*** Dataset records Section Begins ***

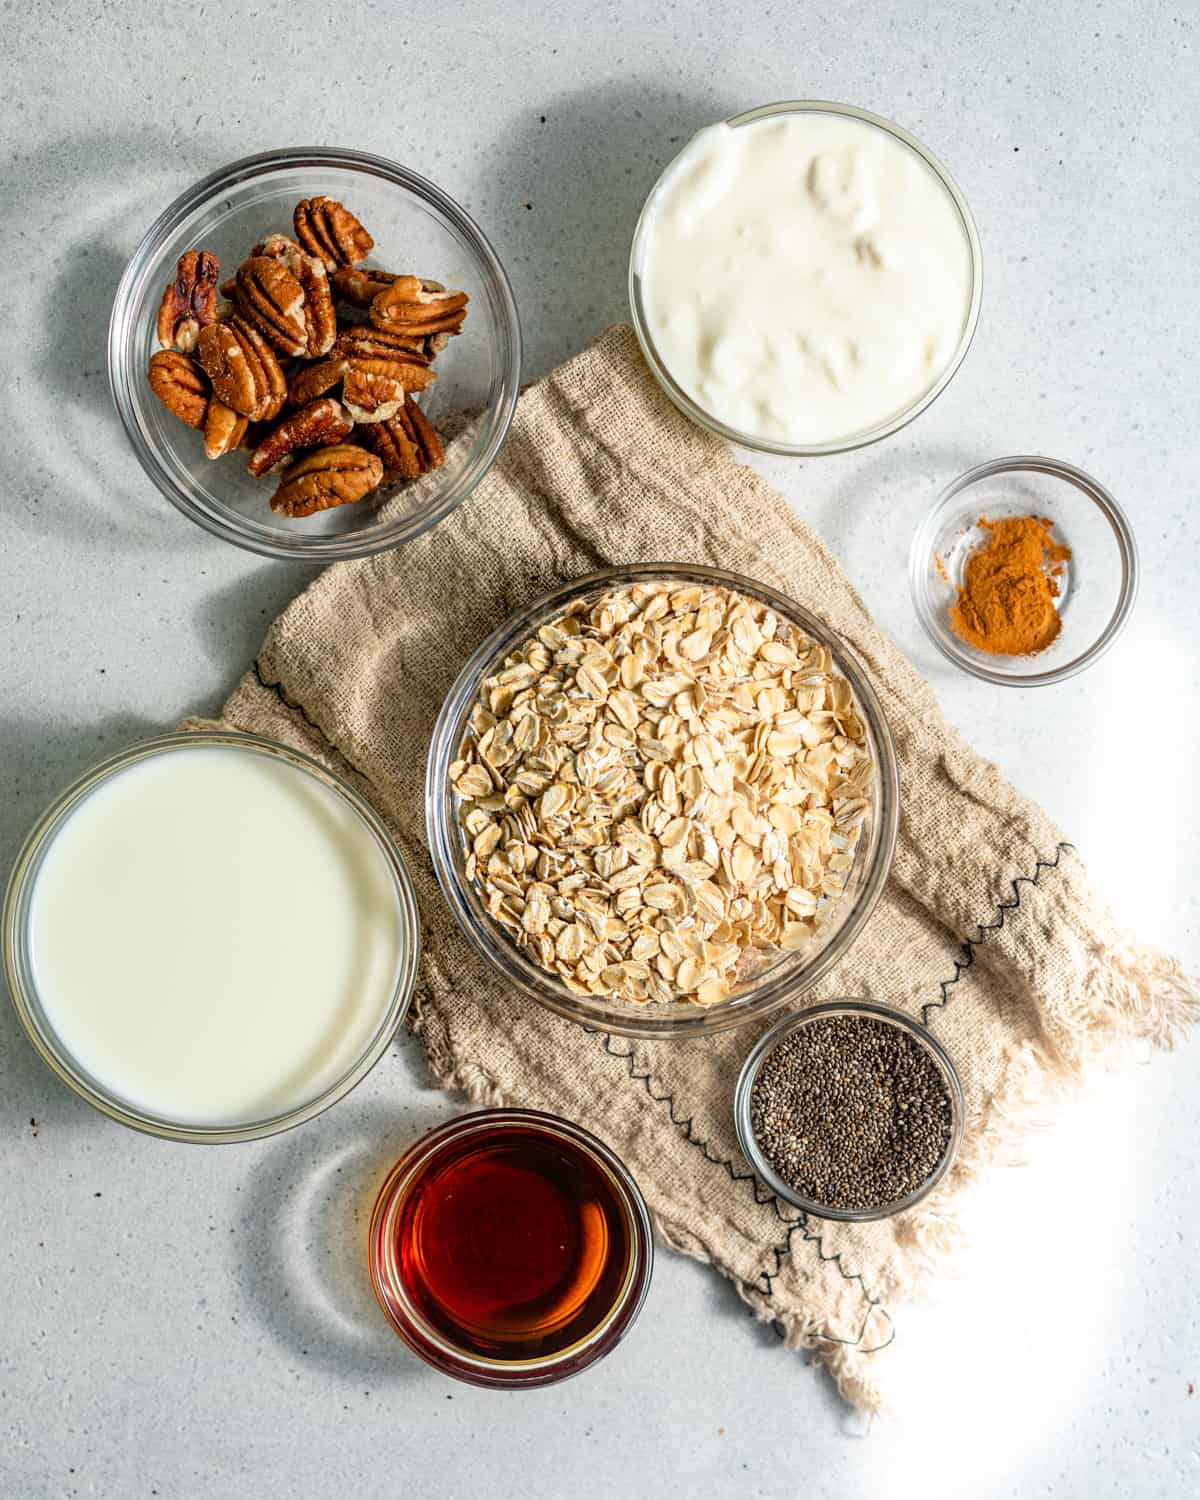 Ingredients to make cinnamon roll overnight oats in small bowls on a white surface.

*** Dataset records Section Ends ***
*** Dataset records Section Begins ***

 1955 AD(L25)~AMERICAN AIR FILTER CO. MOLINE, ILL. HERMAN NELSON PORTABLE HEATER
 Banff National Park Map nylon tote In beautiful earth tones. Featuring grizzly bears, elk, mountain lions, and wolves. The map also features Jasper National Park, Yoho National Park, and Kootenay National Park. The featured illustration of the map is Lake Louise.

*** Dataset records Section Ends ***

Look above for the line holding "1955 AD(L25)~AMERICAN AIR" and the line holding "Banff National Park", then output exactly those two lines and every line between them, nothing more.

Written reply:
 1955 AD(L25)~AMERICAN AIR FILTER CO. MOLINE, ILL. HERMAN NELSON PORTABLE HEATER
 Banff National Park Map nylon tote In beautiful earth tones. Featuring grizzly bears, elk, mountain lions, and wolves. The map also features Jasper National Park, Yoho National Park, and Kootenay National Park. The featured illustration of the map is Lake Louise.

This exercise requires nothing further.